- Episode no.: Series 9 Episode 4
- Original air date: 23 January 1982

Guest appearance
- Charlie Stafford as the Spider Man

Episode chronology
| ← Previous "Football Crazy" | Next → "Change of Life" |

= Big Foot (The Goodies) =

"Big Foot" is an episode of the British comedy television series The Goodies.

The episode is also known as "Bigfoot", "In Search of Bigfoot", "Arthur C. Clarke" and "In Search of Arthur C. Clarke".

This episode was made by LWT for ITV, and was written by Graeme Garden and Bill Oddie, with songs and music by Bill Oddie.

==Plot==
Tim and Bill watch "Part 97" of their favourite show The Mysterious World Of Arthur C. Clarke. A voiceover then informs them that the show has been cancelled due to the non-existence of Arthur C. Clarke himself.
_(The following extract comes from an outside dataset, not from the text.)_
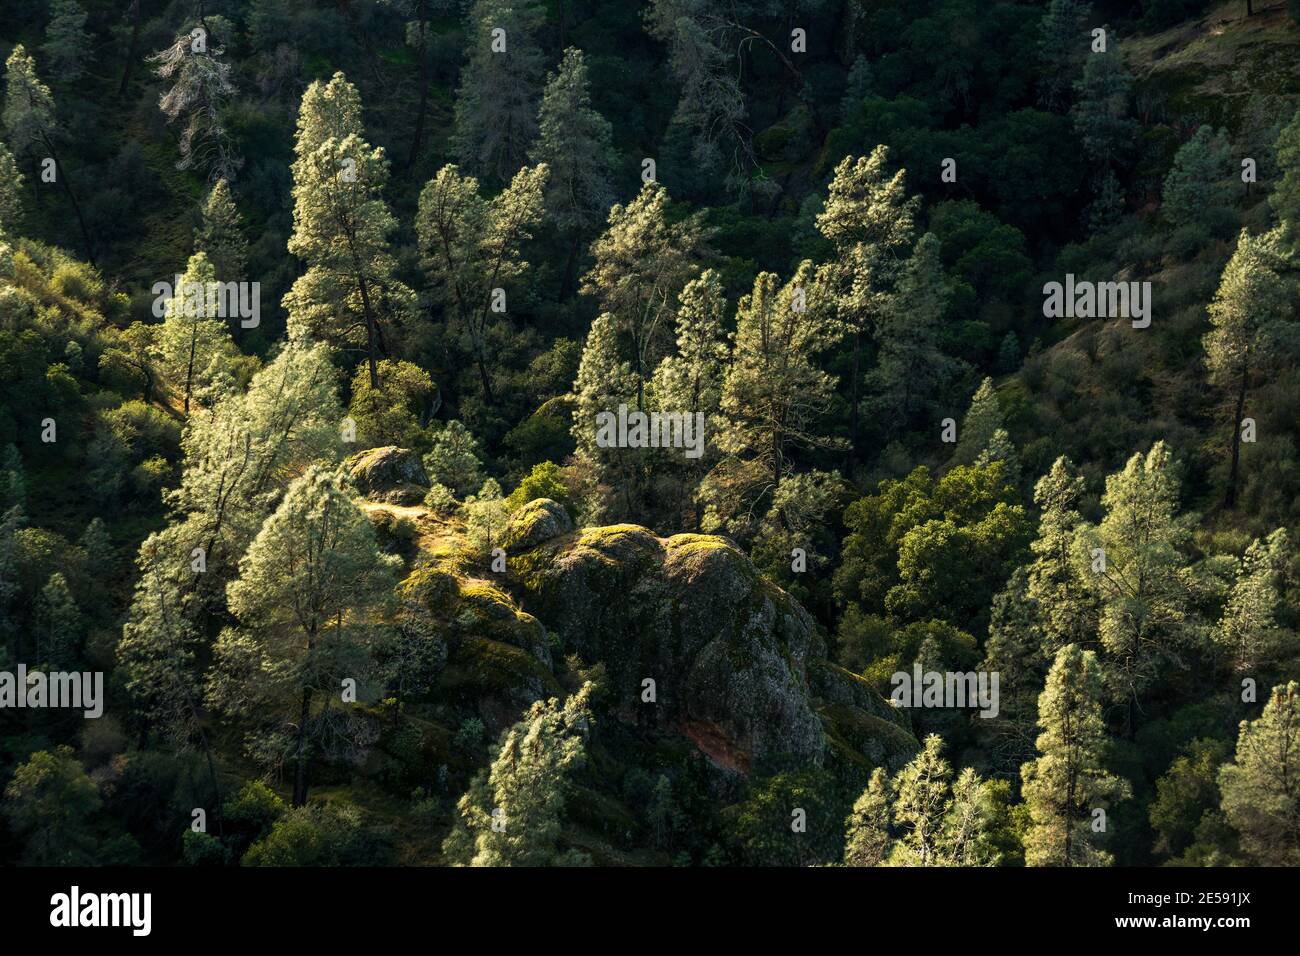 Endemico della California, il Gredy Pine (Pinus sabiniana) cresce tra le formazioni rocciose del Pinnacles National Park se di Salinas. Foto Stock

Graeme is seen in the background hiding his disguise wig & glasses and nearly letting slip to the others that he is in fact Arthur C. Clarke, fired by LWT when his identity was discovered.

The gullible Tim and Bill embark on a trip to the North American Rockies in a quest to find their TV idol and discovered the same thing especially when notice Greame's wig slip out in the raw footage, after failing to distract his clueless friends and escaping his sham, Greame finally admitting the truth to Tim and Bill that he was just bringing a little excitement into people's lives by playing the character, dressing up like Bigfoot in a skin and throwing dishes in the air, making them think they sew flying saucers, "He can't help it if he accidentally made a couple of million quid on the side". Just before they're about to exposed Greame, The trio fearfully discover large footprints surrounding their cabin that they believe belong to the mysterious Bigfoot. However at night, Bill and Graeme later discover that the footprints were made by a sleepwalking Tim, earlier his dodgy foot swelling into an enormous size after walking and running around the steep hill sidings in the Rockies while wearing tight hiking boots and limping back and forth as he goes off chasing yetis and Arthur C. Clarke. Tim has becomes the laughing stock of the Rockies and flees into hiding with his enormous foolish-looking foot. Over time, Tim turns into a wild man, and becomes proud of his huge foot. Meanwhile Bill and Graeme hunt down the supposed Bigfoot, chasing Tim around from flat ground to the steep hill sidings until their own feet grow huge, and causing the wild Tim to laugh hysterically back at them.

==Cultural references==
- Arthur C. Clarke
- Stonehenge
- Loch Ness Monster
- Bigfoot
- Yeti
- UFO
- Patterson–Gimlin film
- The Life and Times of Grizzly Adams
- Plesiosaur

==DVD and VHS releases==

This episode has been released on both DVD and VHS.